WORK ITEM - Here are the records. Write out exactly the lines between the one holding "ORCIVAL (オーシバル) キルティングジャケット ブラック サイズ:2" and the one holding "Padroni di casa", inclusive.

INPUT -

=-=-=

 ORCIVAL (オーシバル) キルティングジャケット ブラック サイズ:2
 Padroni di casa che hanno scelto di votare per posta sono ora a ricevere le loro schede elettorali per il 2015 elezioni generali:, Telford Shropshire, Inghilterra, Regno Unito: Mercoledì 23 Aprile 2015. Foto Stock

=-=-=

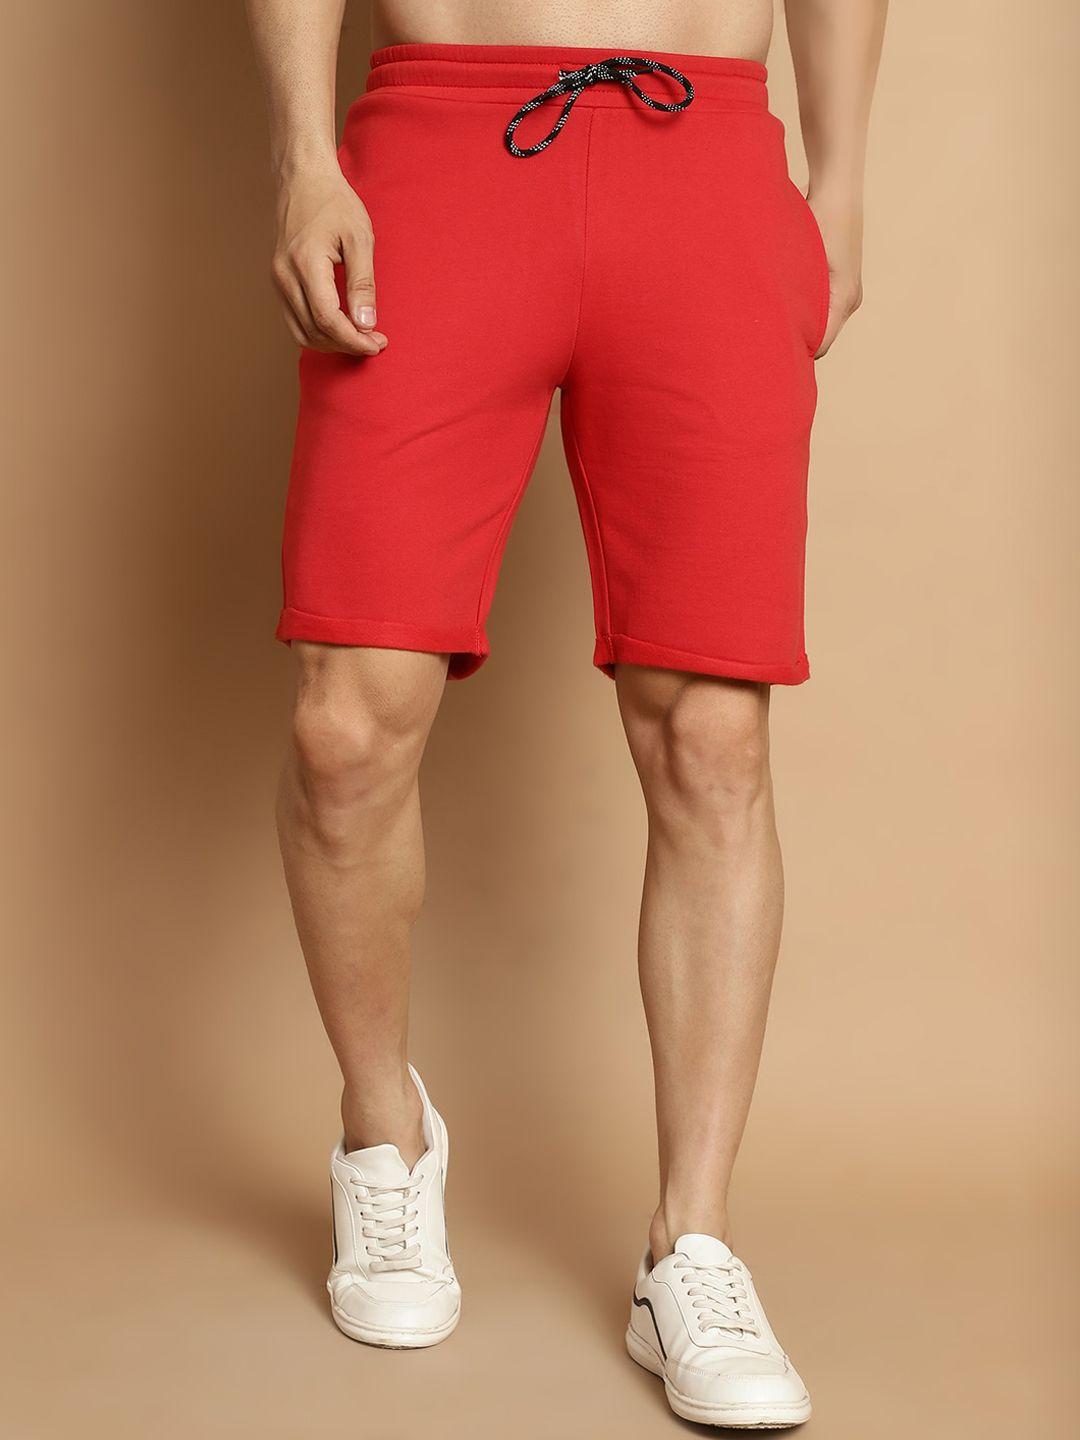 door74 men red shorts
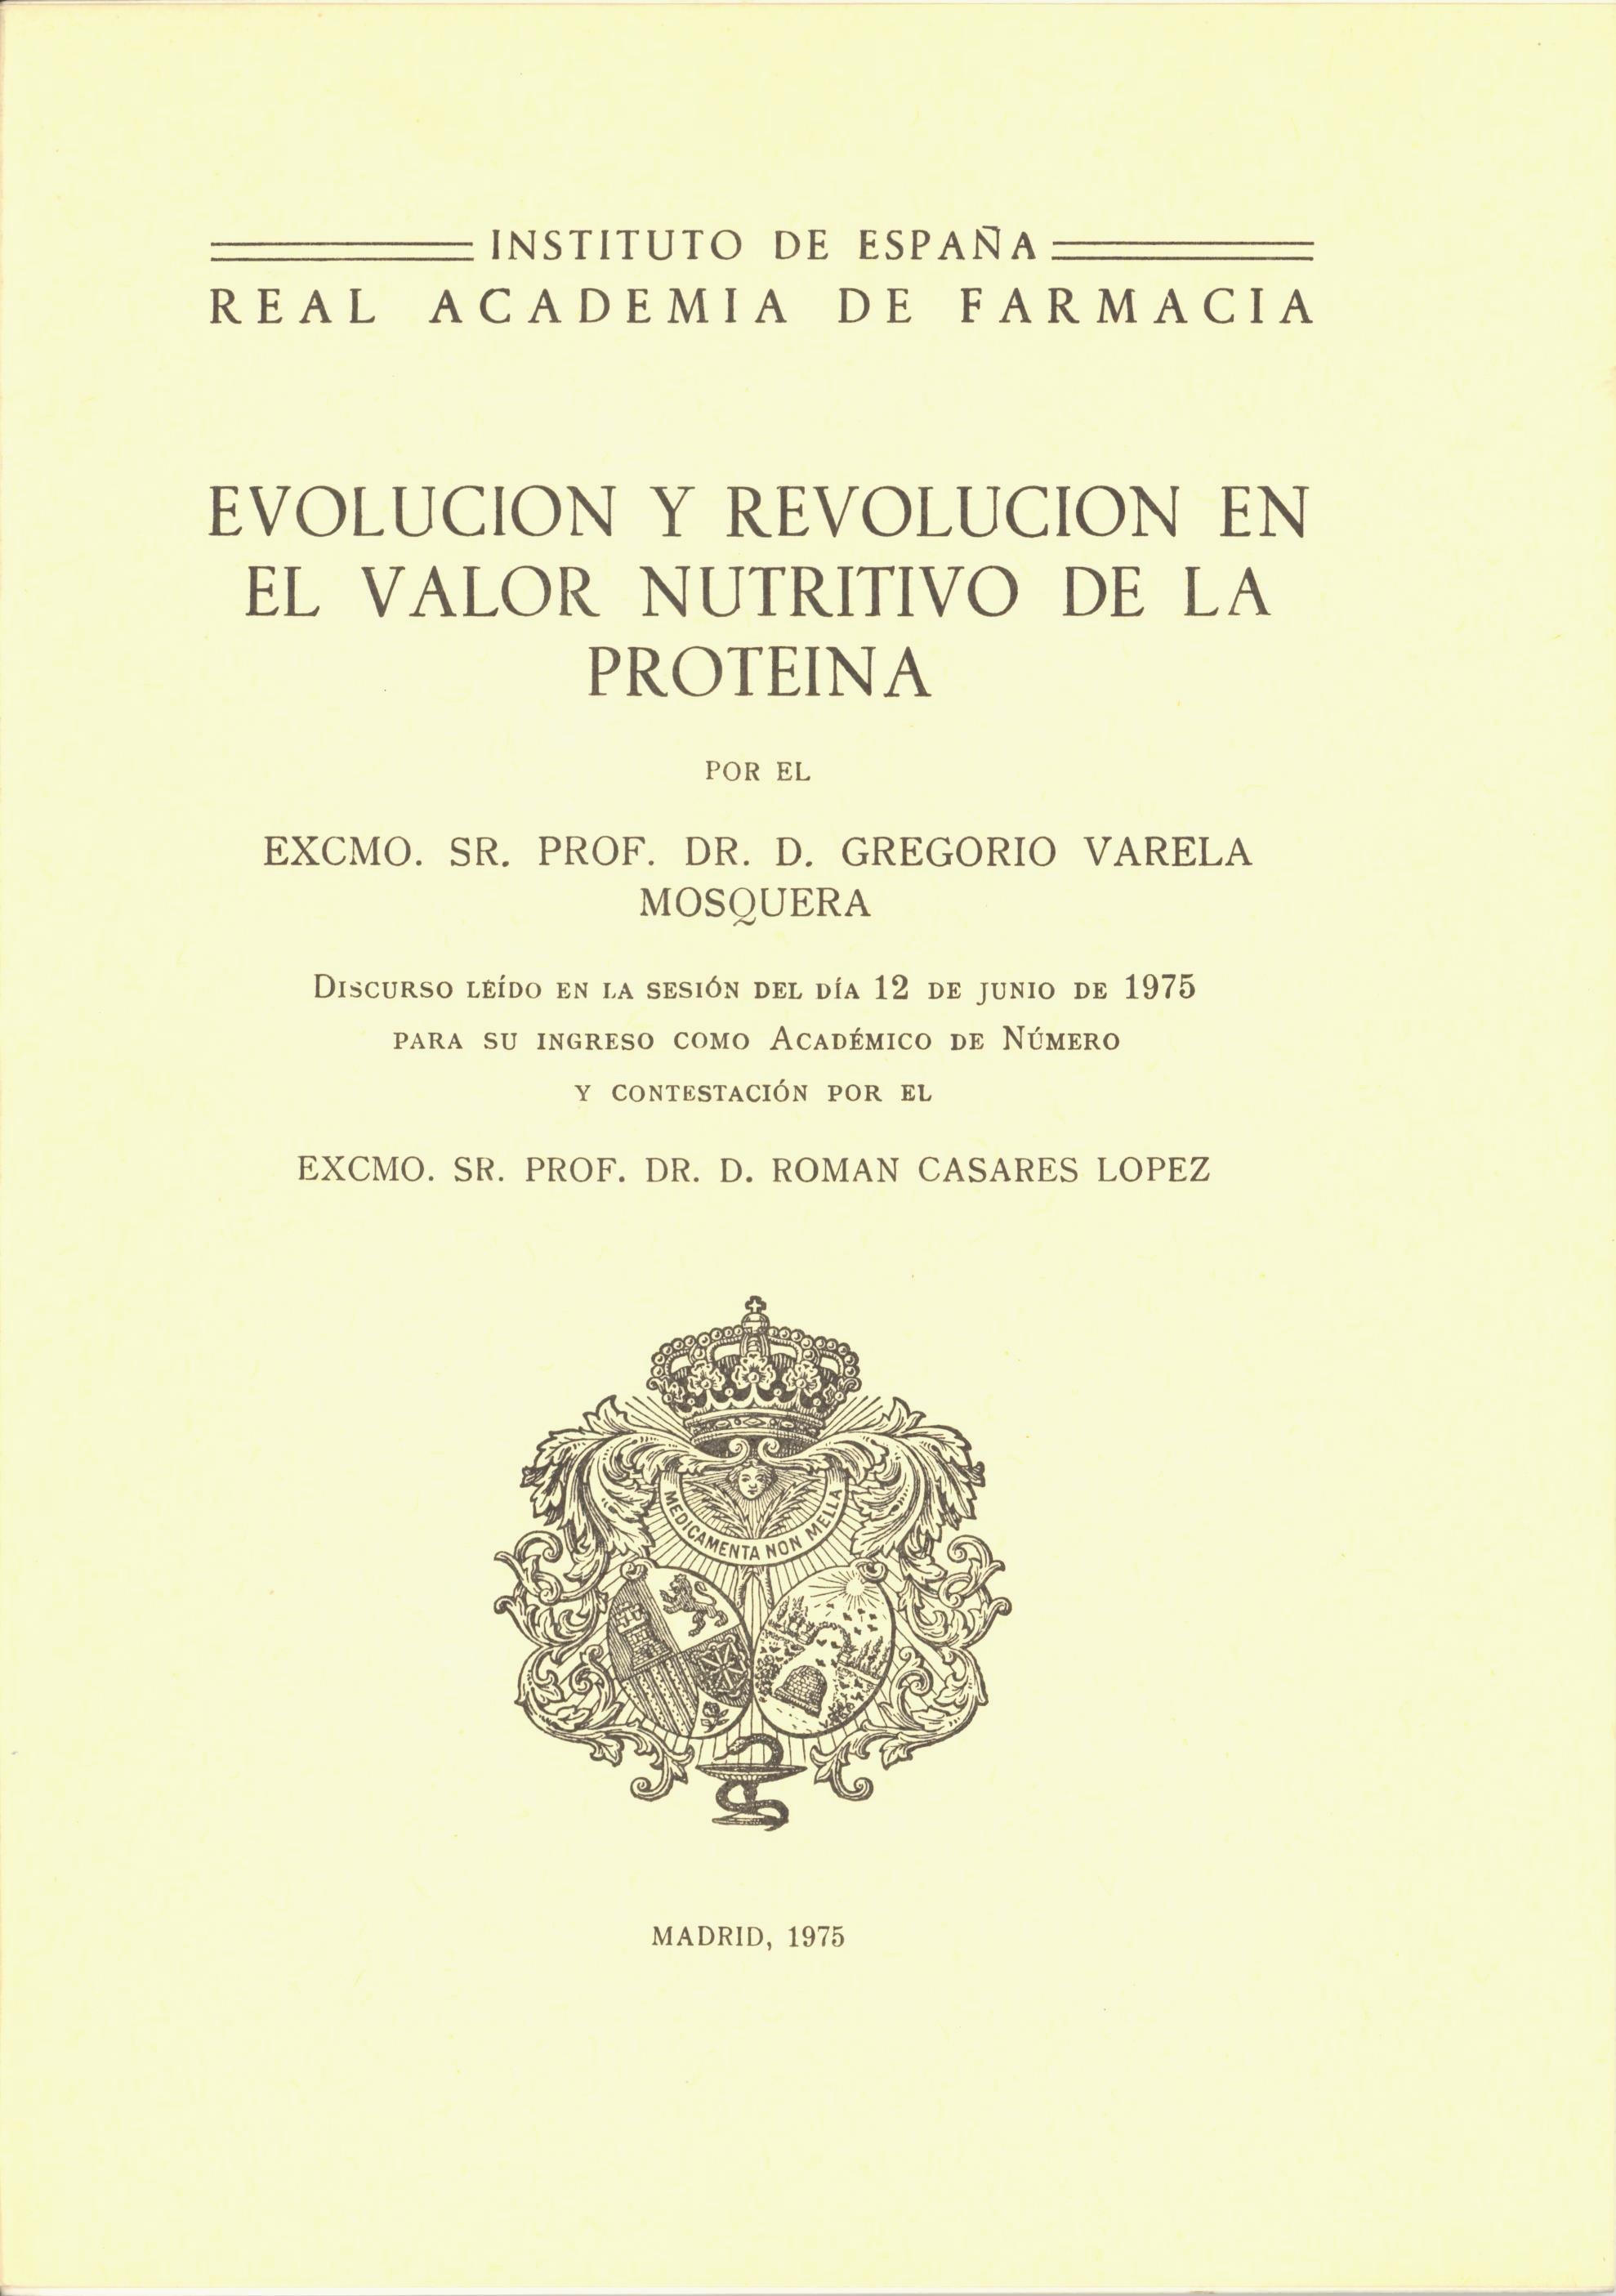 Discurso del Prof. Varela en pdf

=-=-=

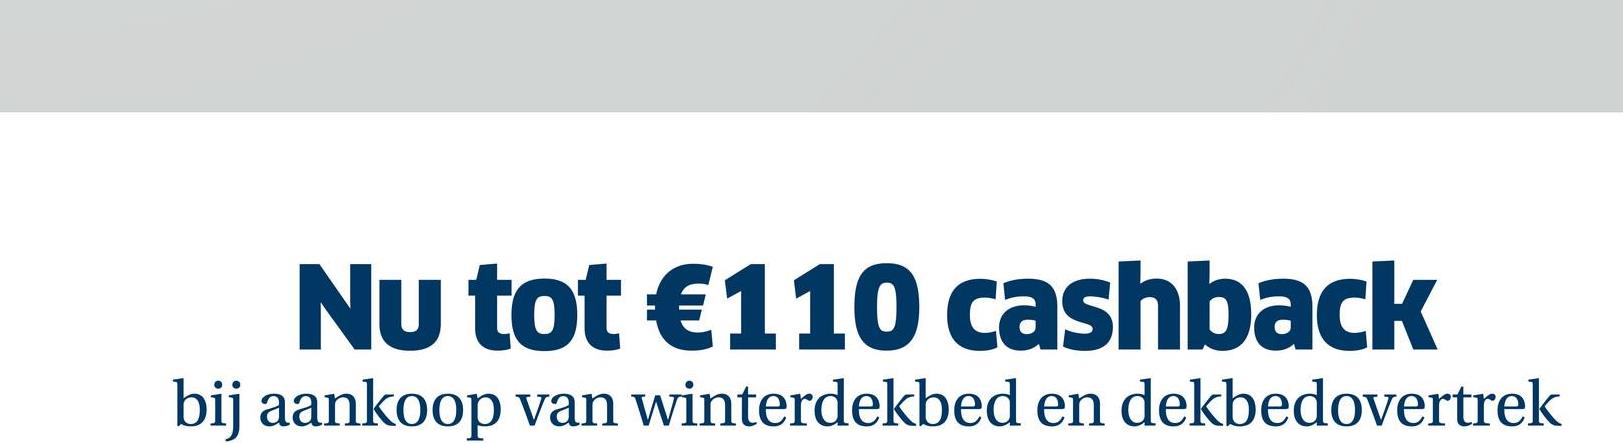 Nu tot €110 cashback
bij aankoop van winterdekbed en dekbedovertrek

=-=-=

ANSWER FOR THIS EXERCISE -
 ORCIVAL (オーシバル) キルティングジャケット ブラック サイズ:2
 Padroni di casa che hanno scelto di votare per posta sono ora a ricevere le loro schede elettorali per il 2015 elezioni generali:, Telford Shropshire, Inghilterra, Regno Unito: Mercoledì 23 Aprile 2015. Foto Stock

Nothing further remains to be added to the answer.